See https://cmawer.github.io/reproducible-model for the lightening talk I gave at the Women in Machine Learning and Data Science meetup on March 26, 2019 at Stitch Fix on the ingredients of a reproducible machine learning model.

Repo structure

├── README.md                         <- You are here
│
├── config                            <- Directory for yaml configuration files for model training, scoring, etc
│   ├── logging/                      <- Configuration of python loggers
│
├── data                              <- Folder that contains data used or generated. Only the external/ and sample/ subdirectories are tracked by git. 
│   ├── archive/                      <- Place to put archive data is no longer usabled. Not synced with git. 
│   ├── external/                     <- External data sources, will be synced with git
│   ├── sample/                       <- Sample data used for code development and testing, will be synced with git
│
├── docs                              <- A default Sphinx project; see sphinx-doc.org for details.
│
├── figures                           <- Generated graphics and figures to be used in reporting.
│
├── models                            <- Trained model objects (TMOs), model predictions, and/or model summaries
│   ├── archive                       <- No longer current models. This directory is included in the .gitignore and is not tracked by git
│
├── notebooks
│   ├── develop                       <- Current notebooks being used in development.
│   ├── deliver                       <- Notebooks shared with others. 
│   ├── archive                       <- Develop notebooks no longer being used.
│   ├── template.ipynb                <- Template notebook for analysis with useful imports and helper functions. 
│
├── src                               <- Source data for the sybil project 
│   ├── archive/                      <- No longer current scripts.
│   ├── helpers/                      <- Helper scripts used in main src files 
│   ├── sql/                          <- SQL source code
│   ├── ingest_data.py                <- Script for ingesting data from different sources 
│   ├── generate_features.py          <- Script for cleaning and transforming data and generating features used for use in training and scoring.
│   ├── train_model.py                <- Script for training machine learning model(s)
│   ├── score_model.py                <- Script for scoring new predictions using a trained model.
│   ├── postprocess.py                <- Script for postprocessing predictions and model results
│   ├── evaluate_model.py             <- Script for evaluating model performance 
│
├── test                              <- Files necessary for running model tests (see documentation below) 
│   ├── true                          <- Directory containing sources of truth for what results produced in each test should look like 
│   ├── test                          <- Directory where artifacts and results of tests are saved to be compared to the sources of truth. Only .gitkeep in this directory should be synced to Github
│   ├── test.py                       <- Runs the tests defined in test_config.yml and then compares the produced artifacts/results with those defined as expected in the true/ directory
│   ├── test_config.yml               <- Configures the set of tests for comparing artifacts and results. Currently does not include unit testing or other traditional software testing
│
├── run.py                            <- Simplifies the execution of one or more of the src scripts 
├── requirements.txt                  <- Python package dependencies 

This project structure was partially influenced by the Cookiecutter Data Science project.

Environment setup

The requirements.txt file contains the packages required to run the model code. An environment can be set up in two ways. See bottom of README for exploratory data analysis environment setup.

With virtualenv and pip

pip install virtualenv

virtualenv reprod

source reprod/bin/activate

pip -r requirements.txt

Reproducibility testing

Check that results and code behavior are what is expected

From the repo root directory, run:

python run.py test

to run tests to check that model code produces expected output. See test/README.md for more info.
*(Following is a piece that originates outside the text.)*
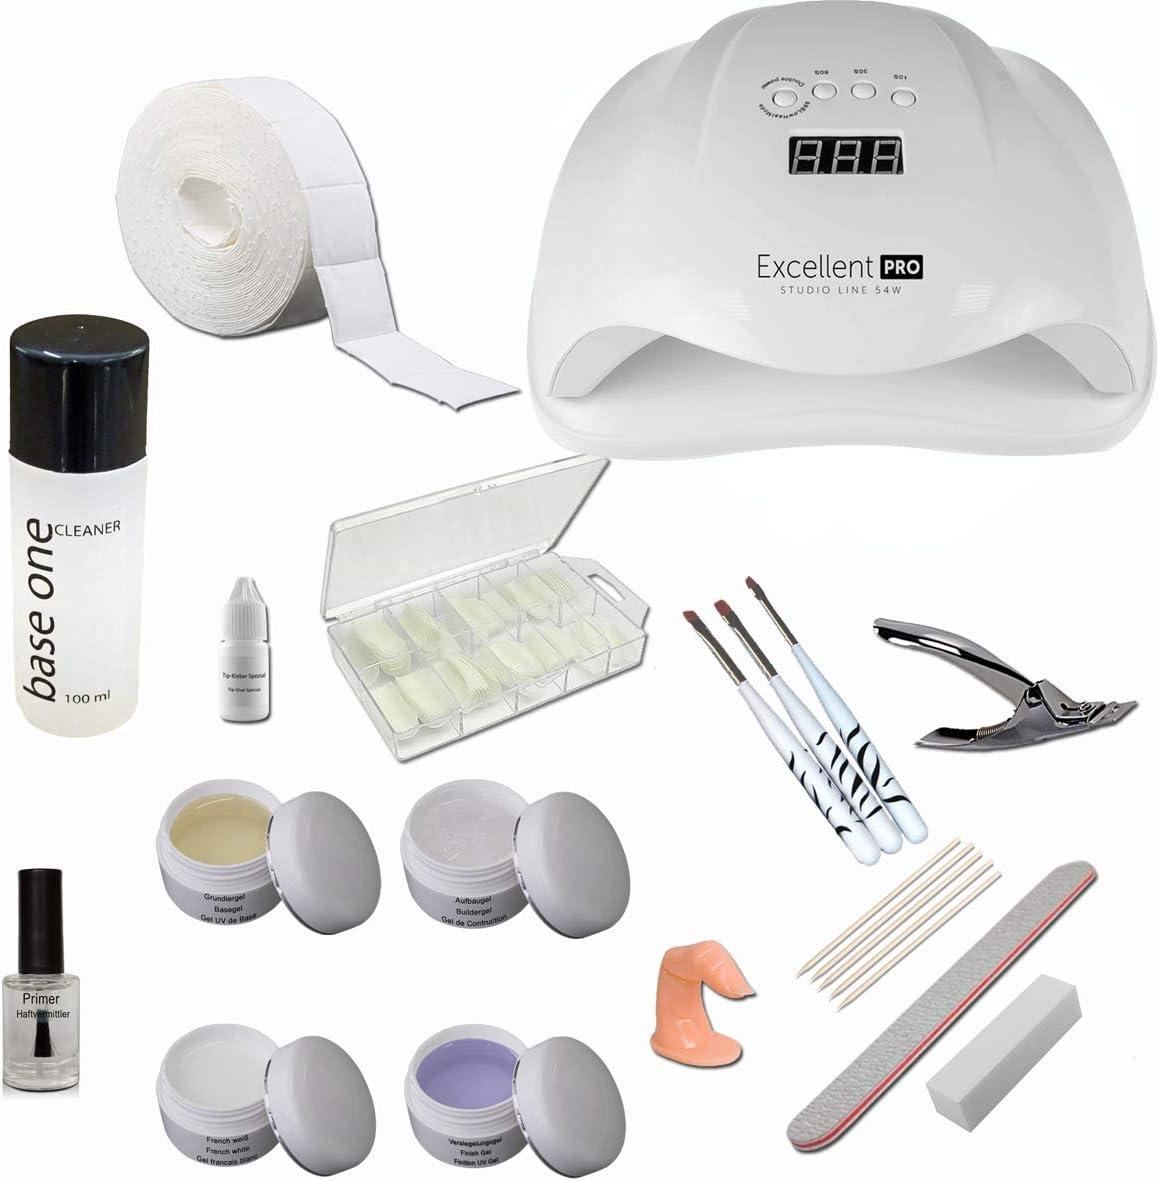 Kit Starter Set para centros de Belleza - Kit de manicura – Kit de introducción para centros de Belleza

Environment setup for exploratory analysis

environment.yml contains the specifications for an environment that will get you started for exploratory data analysis. It also contains the packages imported in the template Jupyer notebook, notebooks/template.ipynb (see more info below).

Create conda environment

Create conda environment with packages in environment.yml:

conda env create -f environment.yml

and activate:

source activate eda3

Complete Jupyter extensions install

After creating and activating your conda environment, run from the commandline:

jupyter contrib nbextension install --user

Next, start a Jupyter notebook server by running:

jupyter notebook

You can then go to the extension configurator at http://localhost:8888/nbextensions/ and enable your desired extensions.

Collapsible headings extension

I recommend enabling the Collapsible Headings extension so that the Imports and setup section on the template notebook (see section below), which is quite long, can be minimized, as well as other heading sections when desired. To maintain this collapsibility when exporting to html, run:

jupyter nbconvert --to html_ch FILE.ipynb

Table of Contents (2)

Enabling the Table of Contents (2) extension automatically creates a table of contents based on your notebook headings, which can be placed at the top of the notebook or at the side (which is nice for navigation in a long notebook).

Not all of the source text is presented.